Mentir me ha servido de mucho. He vendido y he cobrado, y sobre lo pasado pisado. Creo que me di cuenta de que la cosa estaba llegando a límites insospechados cuando los escuchas de calidad me mandaban en sus informes felicitaciones por mi descripción del v205, un modelo de teléfono de mierda al que, para que saliera favorecido, había que mirarlo con cariño y mucha imaginación.

 Un ladrillo blanco, eso es lo que era ese teléfono visto objetivamente y en comparación con los modelos modernos. Pero cuando el equipo deportivo de mis palabras salía a la cancha de las líneas telefónicas, con la creatividad como director técnico y la necesidad como porrista, a nadie le cabía duda alguna de que se llevaba un teléfono como pocos.

 Y se llevaban un teléfono como pocos, como pocos tan antiguos van quedando en todo caso. 

Todo va en la clase de mirada que se les da a las cosas, el cristal con que se lo mire, ya saben.
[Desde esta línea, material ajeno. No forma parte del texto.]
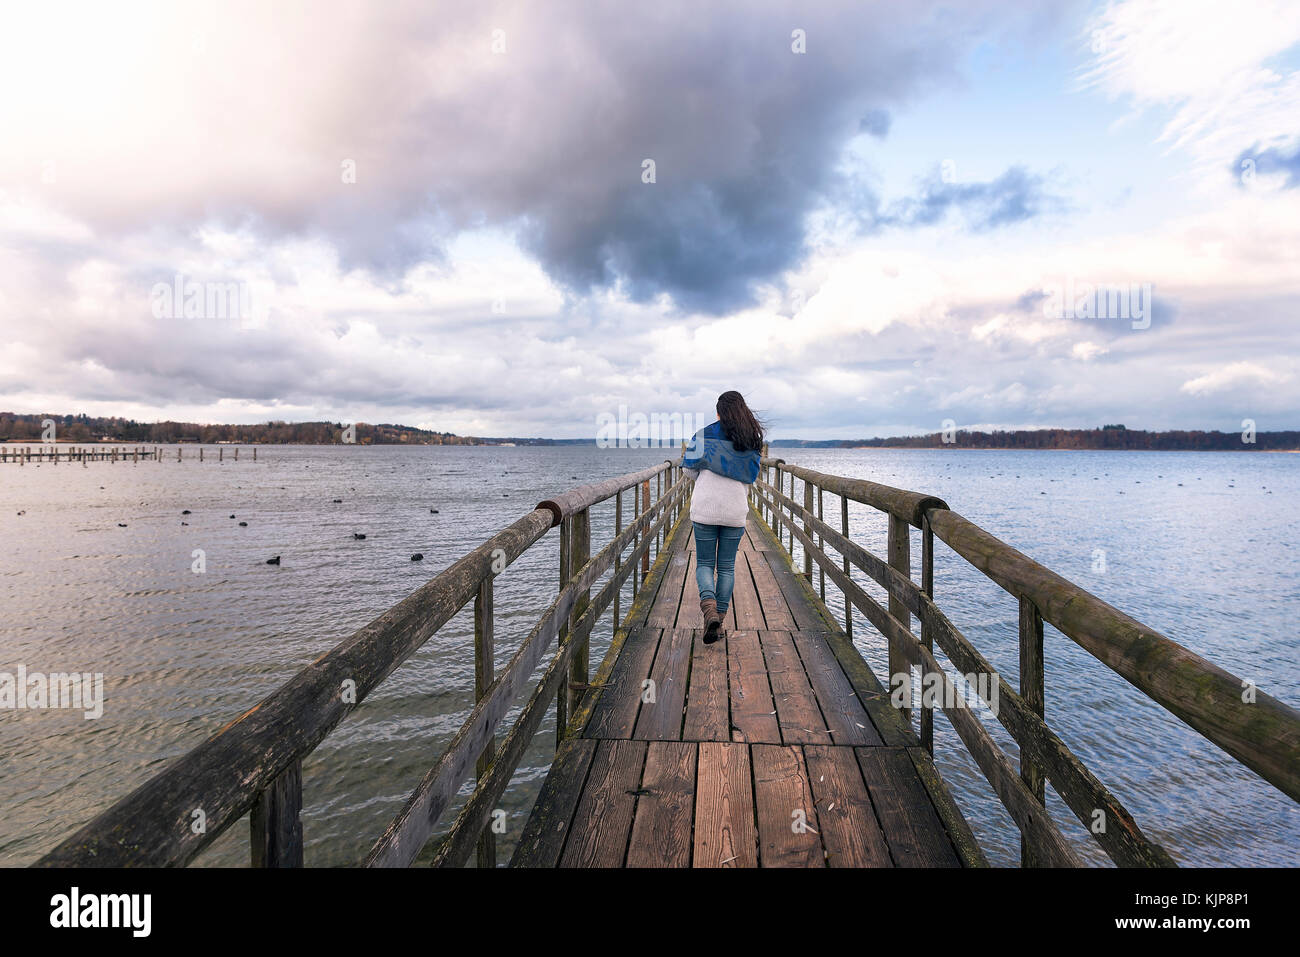 Giovane donna camminare da solo su un rustico ponte in legno sul lago Chiemsee, chiamato anche il mare bavarese, situato vicino a Rosenheim, Germania. Foto Stock

No hace tantos años una película nos aleccionaba acerca de cómo ver belleza en las cosas en las que supuestamente no las hay, lo que nos dice que basta con que una persona vea belleza en una cosa, para que, efectivamente esa belleza exista.

 Ustedes pensarán tal vez que de todos modos fui una persona detestable, yo diré que son puntos de vista. Pero me quedo, por lejos, con el punto de vista que me es aplicable fuera de ese lugar. Es que entre las paredes de aquellas oficinas, algunos me decían mentirosa. De la puerta para afuera, otros me dicen escritora.